Mas logo a alegria foi substituída pelo desapontamento. Apesar da grande carga de trabalho e de sua evidente eficiência, Elena não conseguiu subir sequer um degrau da escada que levava à progressão na carreira. Ao longo dos quatro anos de trabalho, o cargo de chefe de departamento ficou vago três vezes, sempre ocupado por colegas homens. Como se revelou mais tarde, o salário que eles recebiam também era maior.

"Comecei a refletir: será que temos em nossa empresa alguma mulher que seja chefe? Havia duas, uma secretária que dirigia um exército de assessoras dos gerentes e uma contadora. Todos os outros cargos de chefia eram ocupados por homens. Tal situação me deixou sem chão por muito tempo. Tive vontade de procurar outro emprego.” Mas, em vez disso, Elena saiu em busca de mais uma formação superior a fim de aumentar a sua competitividade no mercado de trabalho.

"Antigamente, as mulheres podiam competir apenas entre si e faziam isso mais frequentemente por causa dos homens. Elas tinham duas opções: se casar com um homem que trouxesse status ou, inicialmente, ajudar os seus maridos a fazer carreira. Entre as pessoas de seu convívio, todos sabiam quem realmente comandava a situação, mas oficialmente, é claro, o chefe era o homem", explica Aleksandr Tarasov, diretor do Centro da Nova Sociologia e do Estudo da Prática Política Phoenix.  As mulheres utilizavam todos os meios para conseguir impulsionar as carreiras de seus maridos.

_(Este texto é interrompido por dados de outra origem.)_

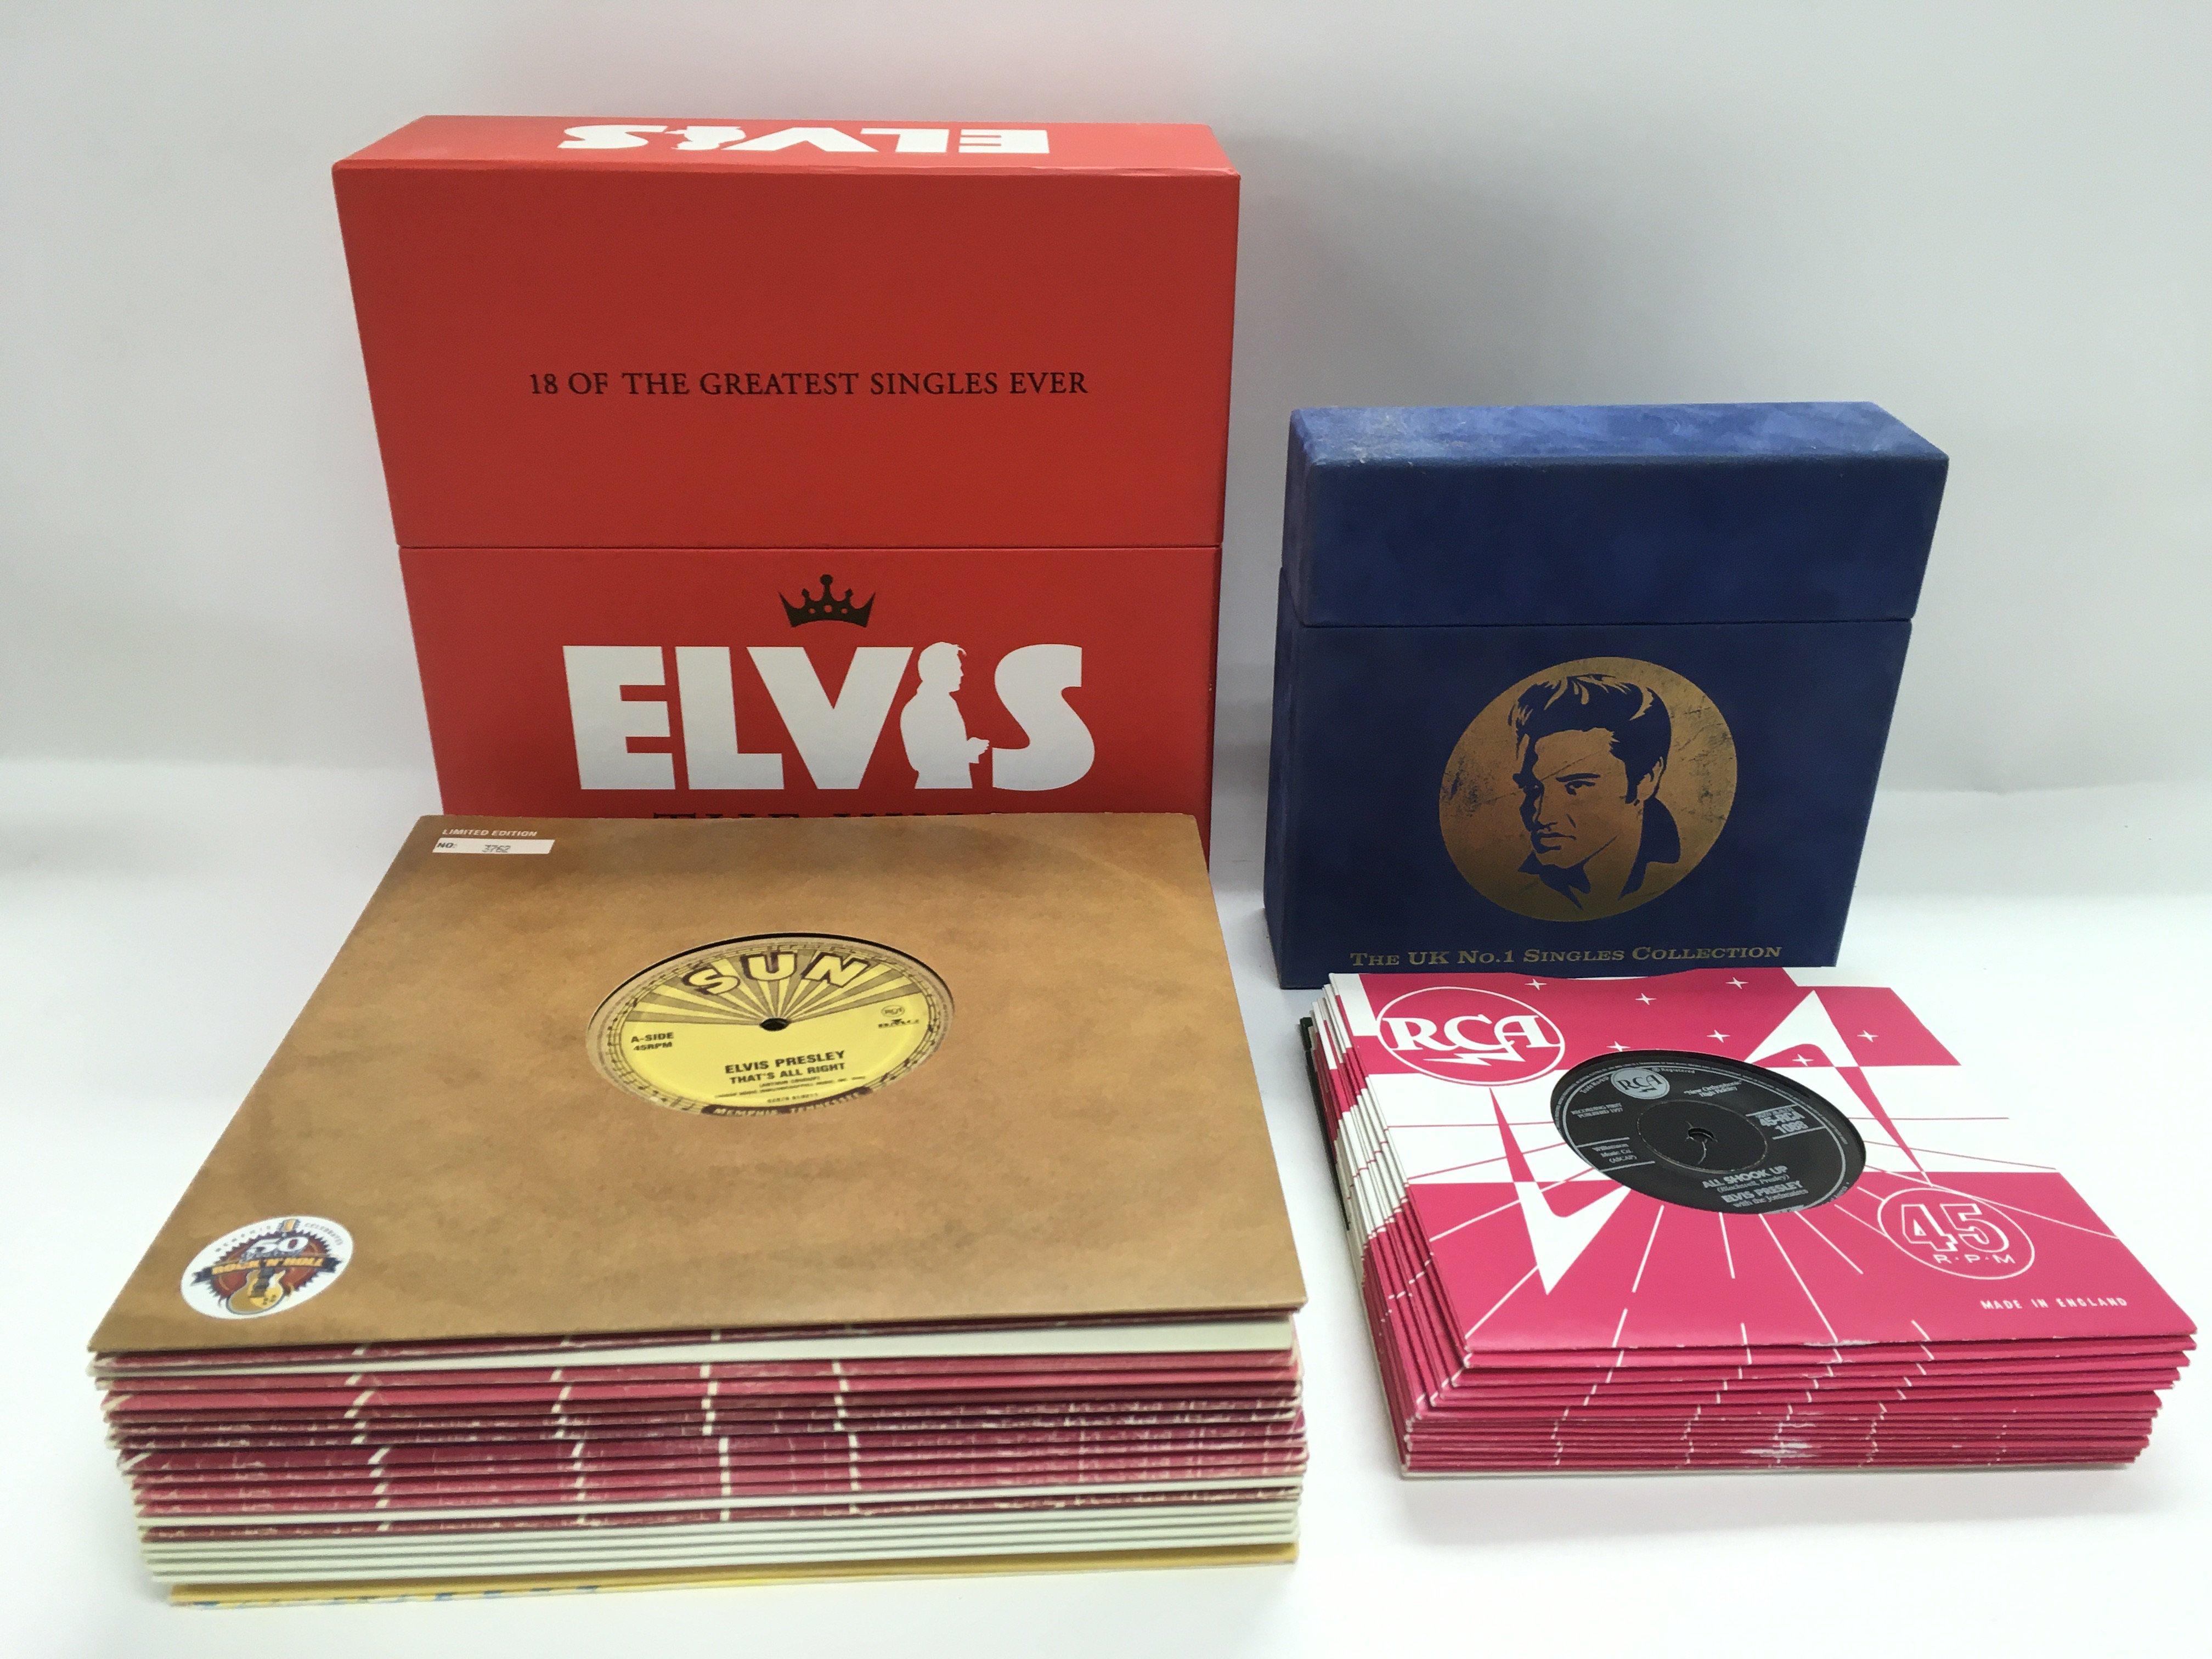 Two Elvis Presley singles box sets comprising a li

Atualmente as mulheres ganharam a chance de construir a sua própria carreira, mas na luta contra os homens pelo cargo de chefe elas são obrigadas a trabalhar de uma forma duas vezes mais ativa.

Somente algumas poucas mulheres conseguem alcançar os altos postos. Assim, por exemplo, 97% do corpo de ministros é constituído por homens, que também ocupam mais de 90% dos assentos no Parlamento, dos cargos de diretores de corporações, chefes de departamentos e reitores de universidades. As exceções são aquelas profissões onde as mulheres competem pelo cargo entre si. O maior número de mulheres em cargos de direção trabalha na área de serviços e no setor financeiro. Nessas esferas, elas ocupam a função de diretor-geral em 25% dos casos.         

Na disputa com os homens pelo cargo de chefe, as mulheres ainda têm mais um ponto fraco que torna a sua missão praticamente irrealizável. Quase sempre elas se deparam com a seguinte escolha: a família ou a carreira. O nascimento e a educação dos filhos exigem tempo e esforço, e a maioria das mulheres, ainda hoje, escolhe a família.

"Se ela não conseguiu assumir um cargo de direção antes do nascimento do seu filho, depois será mais difícil de obtê-lo. Porque a função de dirigente esgota, altera psicologicamente a pessoa de tal modo que até os seus parentes não conseguem mais reconhecê-la. Como regra, as mulheres de negócios são divorciadas, mantêm relacionamentos fora do casamento, trazem os seus filhos em rédeas curtas. Para elas, encontrar um parceiro é muito mais difícil do que para as mulheres comuns. As exigências em relação aos homens são outras, há requisitos intelectuais e emocionais. O homem ‘médio’ não combina com elas tanto devido à questão de status, quanto pelas convicções interiores. Mas todas elas querem ter sucesso também na vida pessoal",  revela Aleksêi Polevoi, professor do Instituto de Psicanálise da Universidade Estatal de Moscou.

Além disso, nem todo o marido é capaz de apoiar sinceramente a esposa que luta para alcançar as alturas, destinando todo o seu tempo e a sua força ao trabalho. Os homens russos nem sempre estão dispostos a aceitar uma posição de superioridade da mulher no âmbito da família.